People think about the investments made and sacrifices given in support of the relationship. This creates a cognitive bias favoring staying over leaving the known entity. Partners hold onto the distant hope that with more investment and sacrifice from both, the relationship can transform into something healthy and fulfilling.

Positivity Bias

Positivity bias describes the tendency for negative memories and events to fade faster than positive ones. Looking back, people more vividly recall the pleasant moments of even toxic relationships. The painful conflicts, turmoil, fear, disappointment, and abuse become muddled. This psychological phenomenon helps explain why people return seeking to recapture what they remember as the “good times.”

Through the lens of positivity bias, people let go of past hurts more easily. They have trouble remembering all the reasons and circumstances under which they needed to leave originally. Favorable memories make them doubt whether the relationship was really so bad or wonder if it could be good again.

Conclusion

Ending a toxic relationship takes tremendous courage, resilience, and support. It is not a matter of just deciding to walk away, but overcoming numerous psychological and external barriers hindering escape.
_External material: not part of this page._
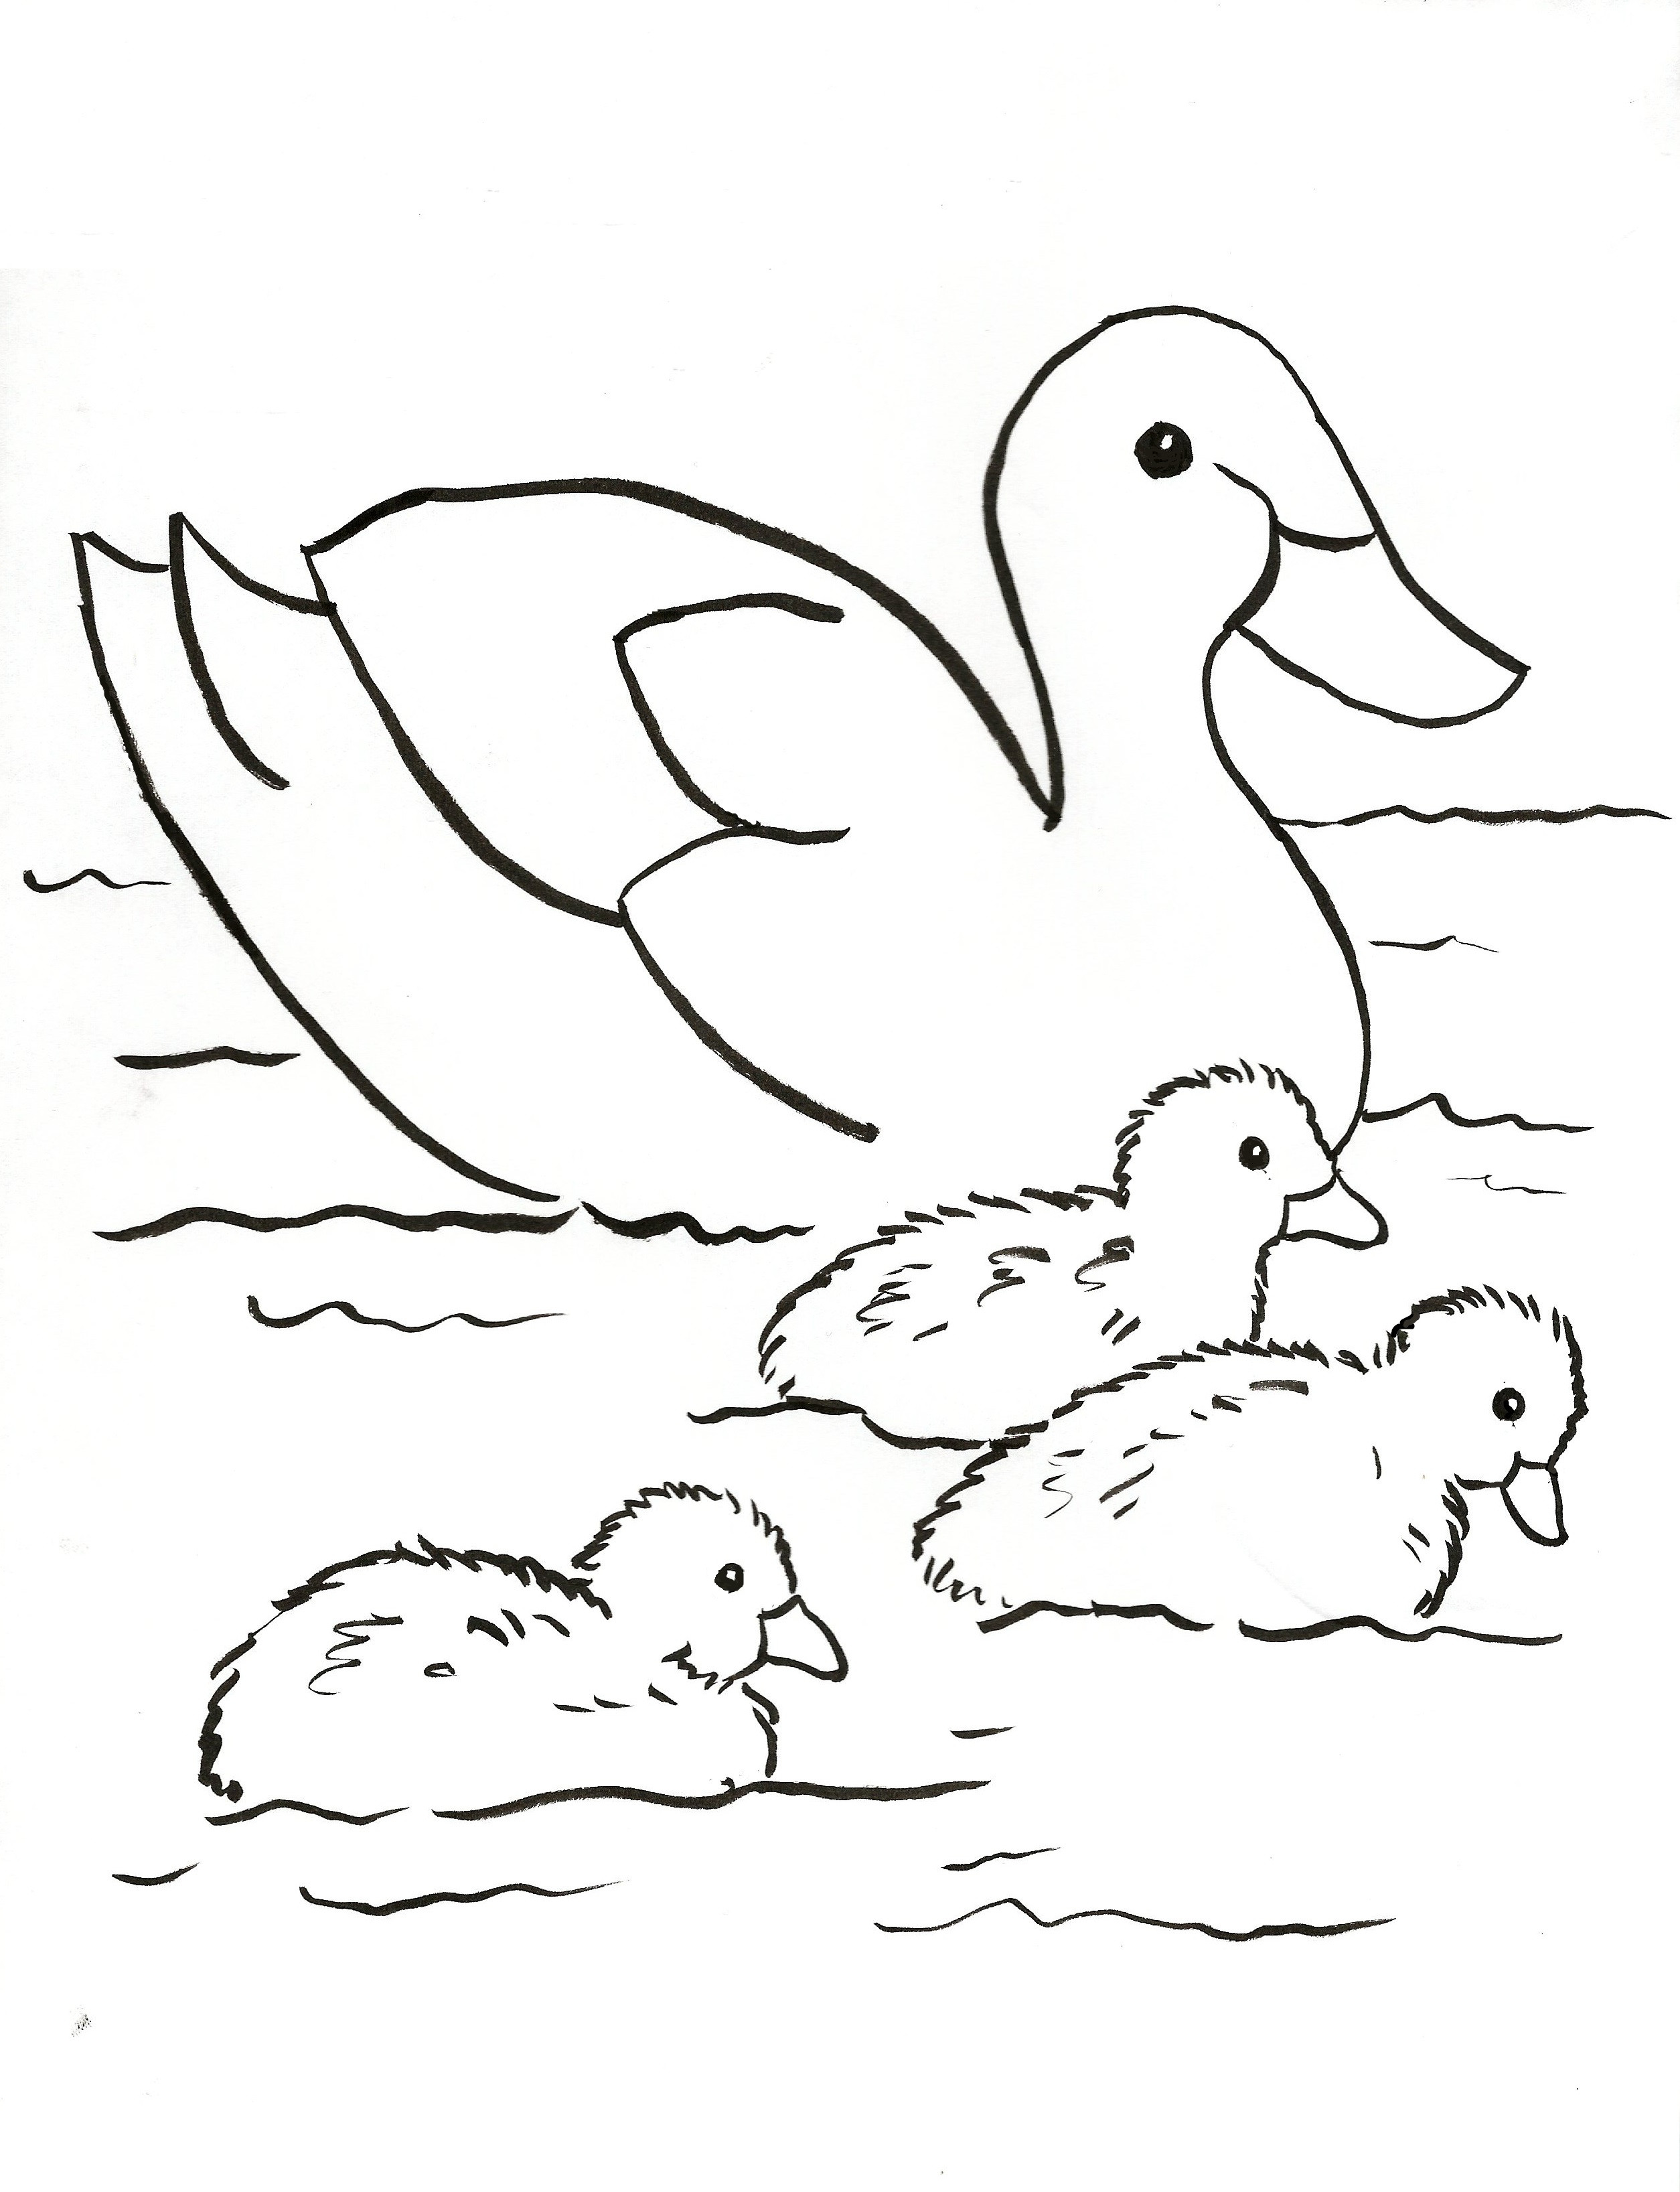 Ducks Coloring Pages
 Duck Family Coloring Page Samantha Bell

People return to toxic relationships for so many valid reasons: fear, guilt, isolation, illness, trauma bonding, financial insecurity, manipulation, and more.

Judging those who go back only serves to shame victims, potentially keeping them trapped. With empathy, emotional support, and access to resources, many find the strength to break free permanently. For most, fully untangling oneself from toxicity is a process that happens in fits and starts before achieving full freedom. Meeting victims with compassion gives them hope for finding healthy relationships and lasting happiness.